Five of Witches

20 Capítulo 20- O plano


Notas iniciais
Oiiii minha genty!!! Desculpa não ter postado durante a semana, é que eu tive prova e ta tudo muito muito corrido!!! Mas agr estou aqui com mais um capítulo para vcs!!!

Acordei em um pulo com o celular despertando, não me lembro ao certo como fui parar na cama. Só sei que desabei, está cansada de mais... Eram muitos problemas e poucas soluções. Sentia-me responsável pela vida da Alice, se ela fosse morta por essa tal bruxa eu seria a culpada de certa forma... E acho que não aguentaria viver sendo a culpada da morte de alguém.

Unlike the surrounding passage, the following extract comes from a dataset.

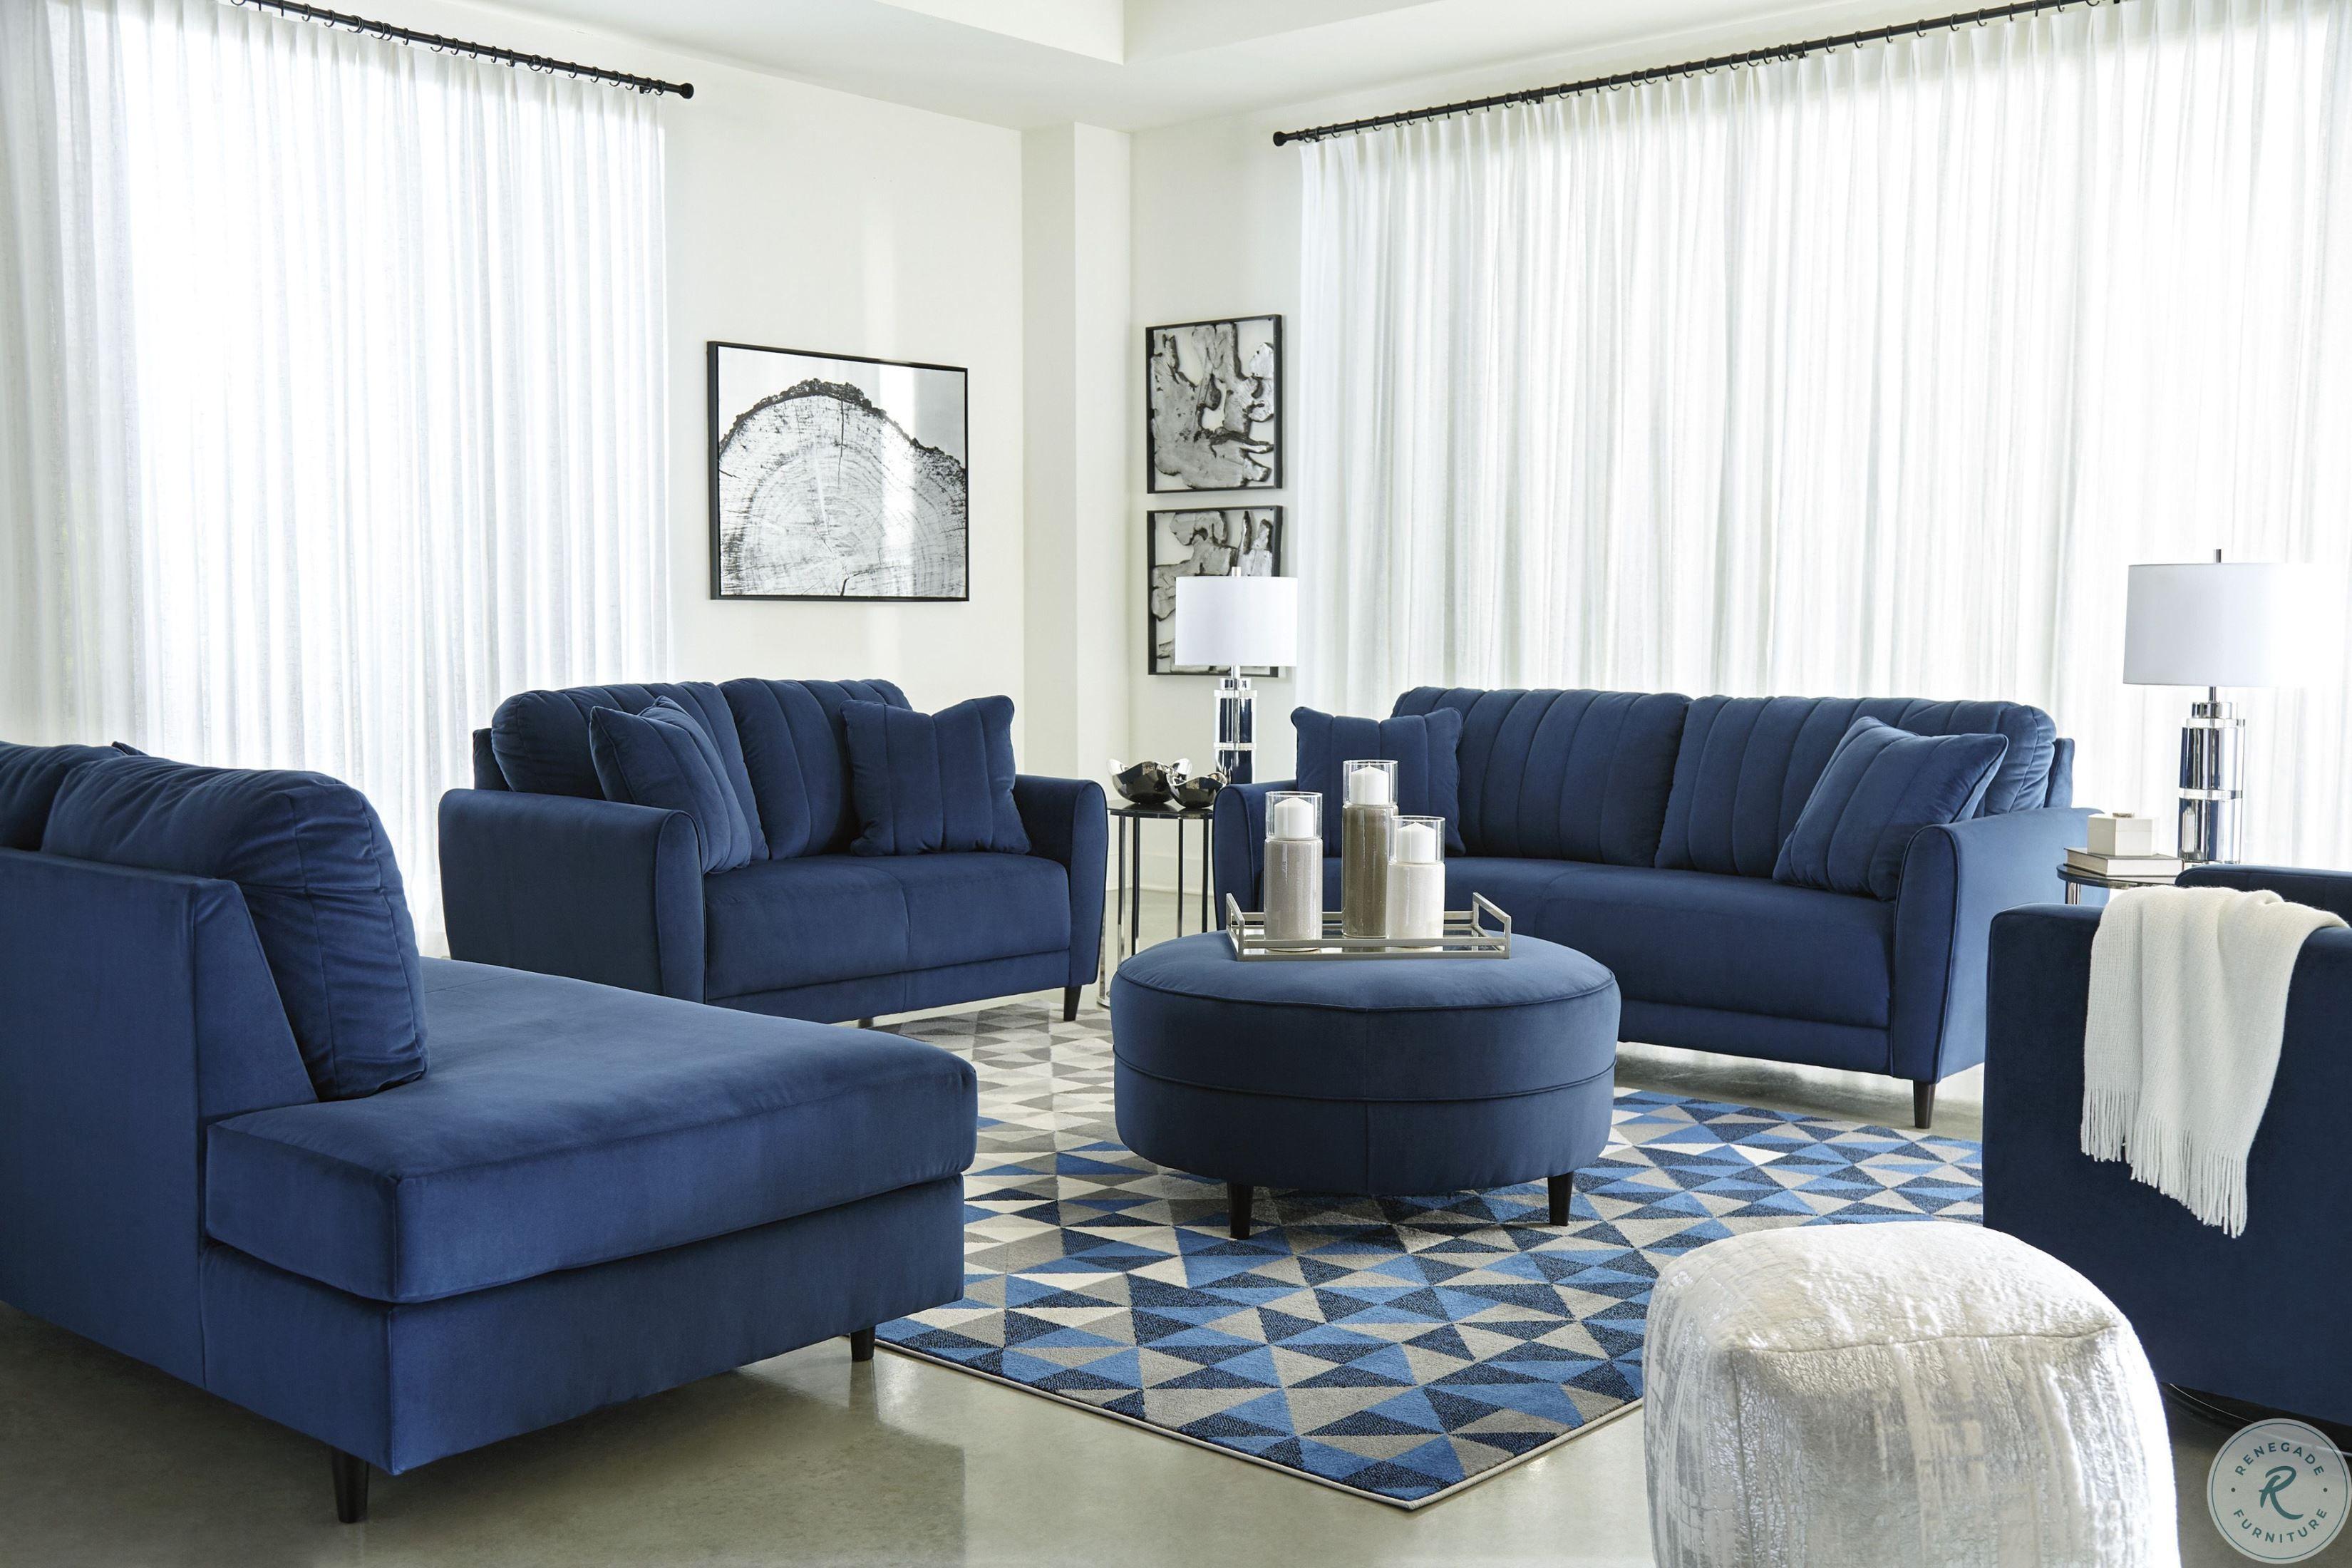 Darcy Blue Living Room Set Blue Sofas Living Room Blue Living Room Sets Blue Living Room Decor

Tirei o pijama e coloquei uma calça jeans qualquer e uma regata cinza, era segunda feira e havia aula, como não era obrigatório o uniforme iria vestida assim. Não estava com tempo de ficar escolhendo roupa, na verdade “escolher roupa” não me importava tanto nesse momento.

Mesmo com todos esses problemas, ainda tinha que fazer com que as pessoas a minha volta achassem que eu era uma adolescente normal de 16 anos. Ninguém precisava saber desse mundo no qual vivo.

Passei uma maquiagem de leve e fiz um coque meio solto. Sai do meu quarto em direção ao quarto de Matheus, precisava tirar toda aquela história a limpo. Como uma pessoa decide uma coisa por você sabendo que você não vai concordar?! Eu tenho direito de opinar também!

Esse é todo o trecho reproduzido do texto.